+++ Exercise input

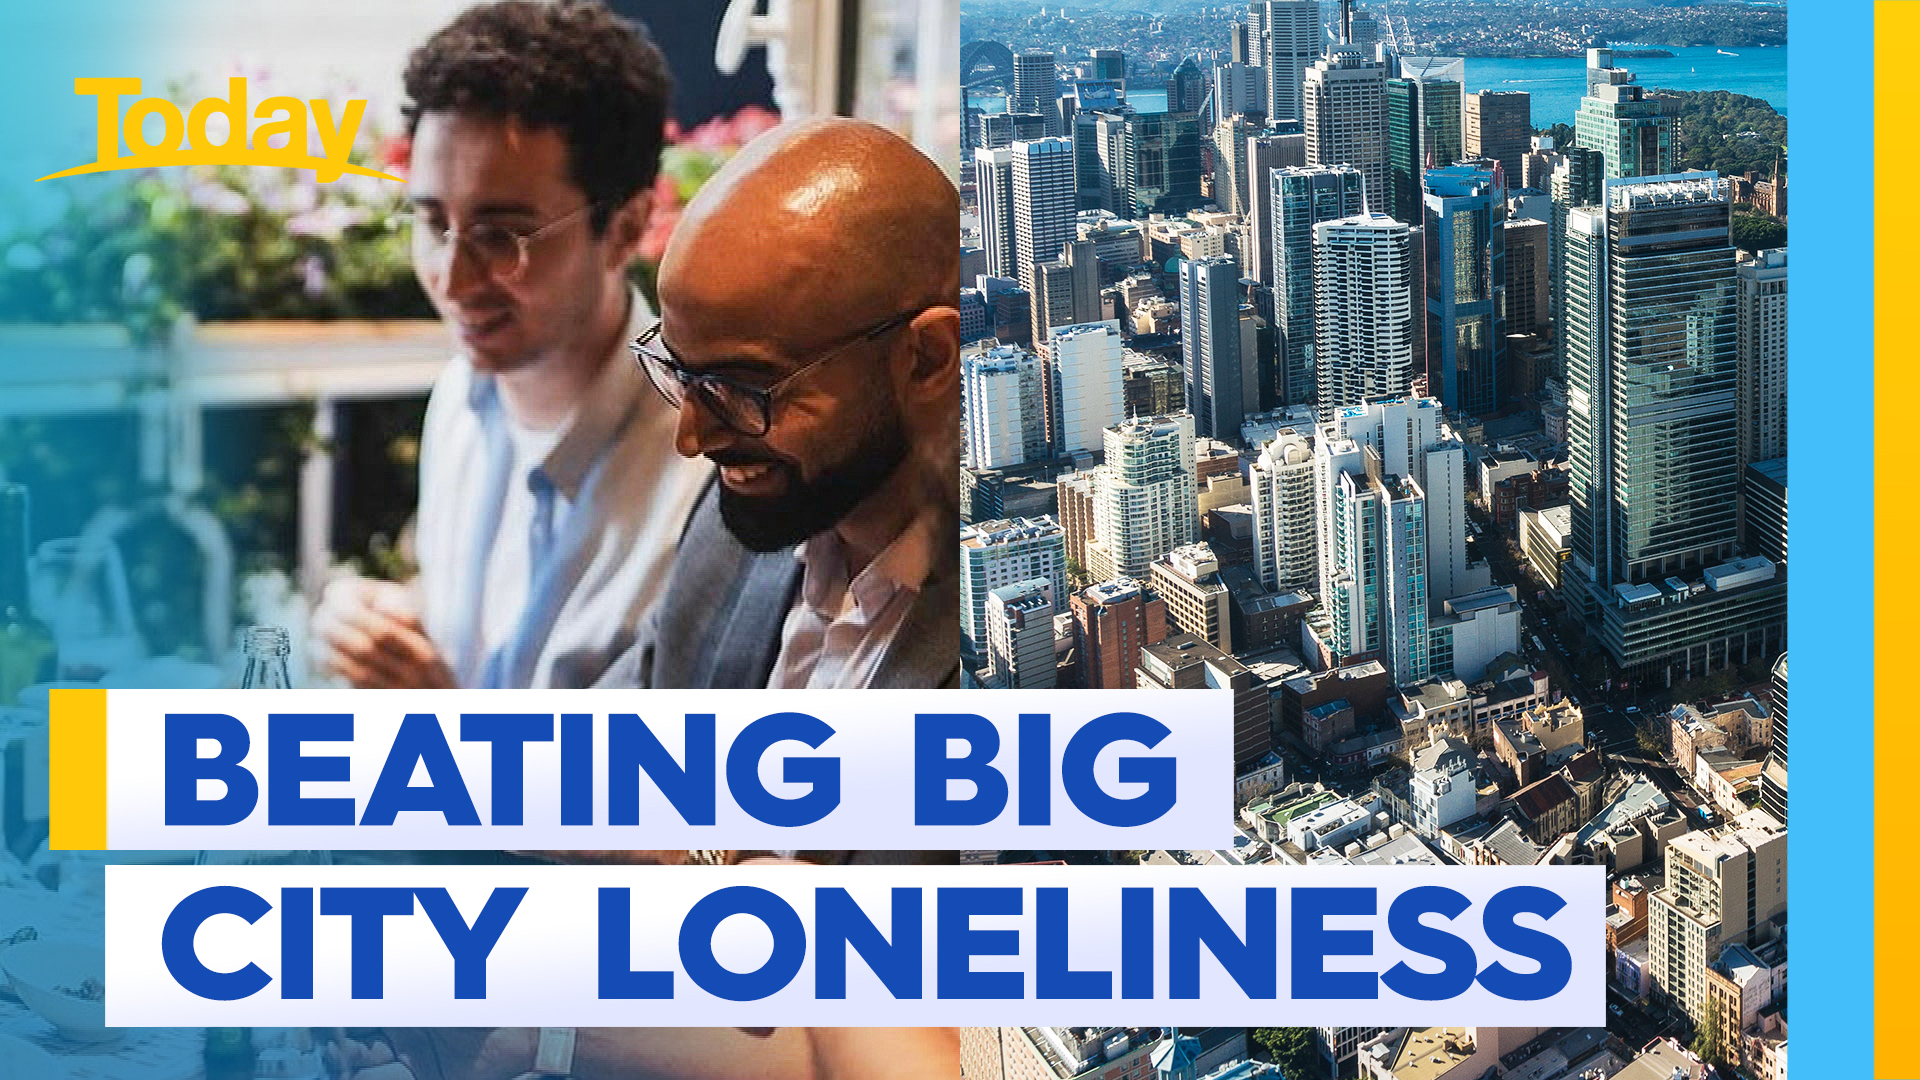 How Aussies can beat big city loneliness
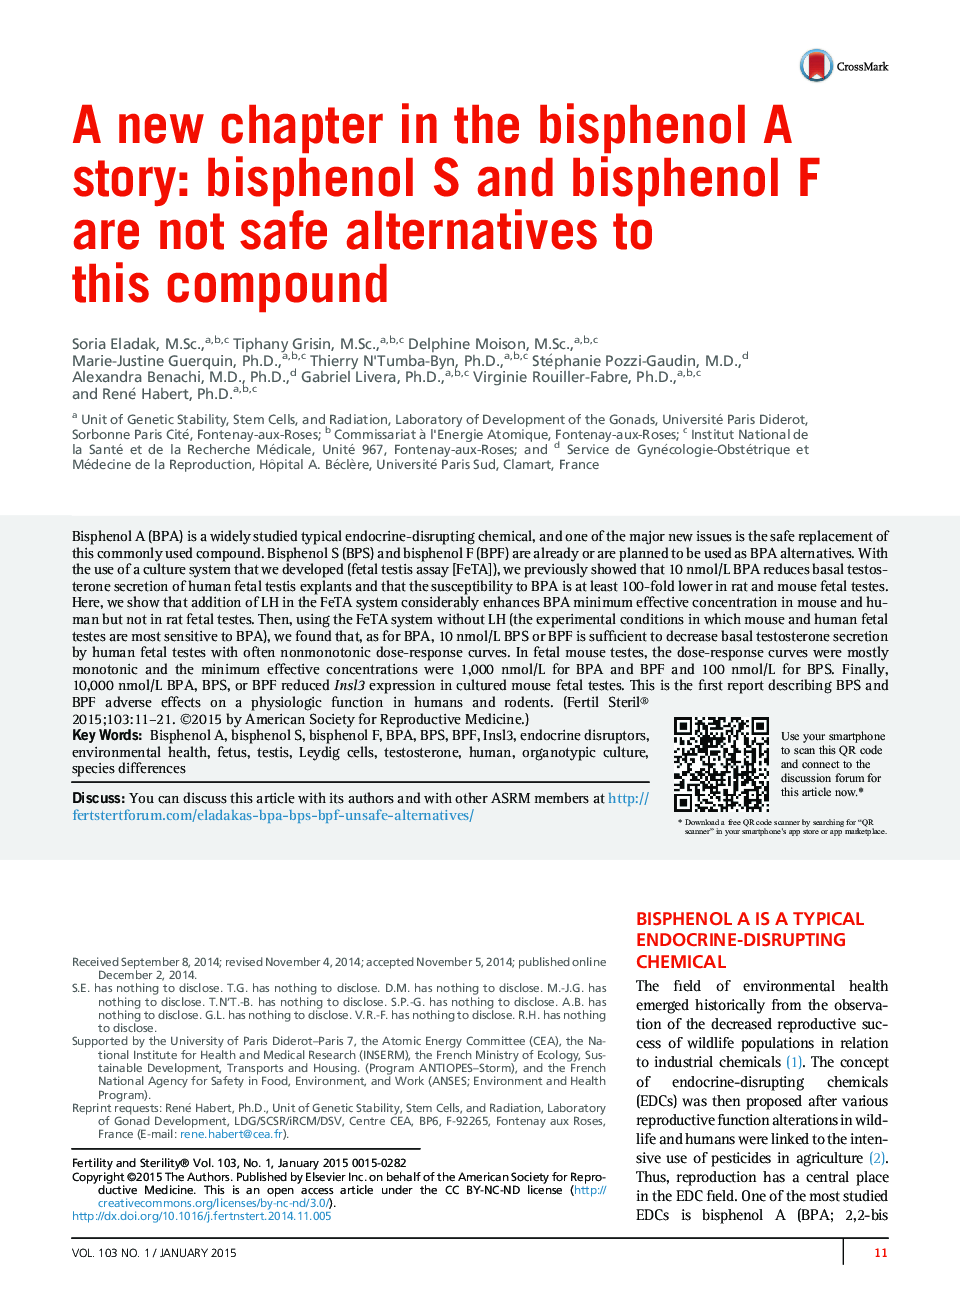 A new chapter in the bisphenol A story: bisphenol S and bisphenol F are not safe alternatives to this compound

++++++
+++ Exercise input

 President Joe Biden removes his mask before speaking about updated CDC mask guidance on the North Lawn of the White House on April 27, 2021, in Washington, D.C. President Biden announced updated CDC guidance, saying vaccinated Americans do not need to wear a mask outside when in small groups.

++++++

Work order:
Copy back exactly the lines above from the one containing "How Aussies can beat big city loneliness" through the one containing "A new chapter", and leave every picture behind.

Answer for this exercise:
 How Aussies can beat big city loneliness
 A new chapter in the bisphenol A story: bisphenol S and bisphenol F are not safe alternatives to this compound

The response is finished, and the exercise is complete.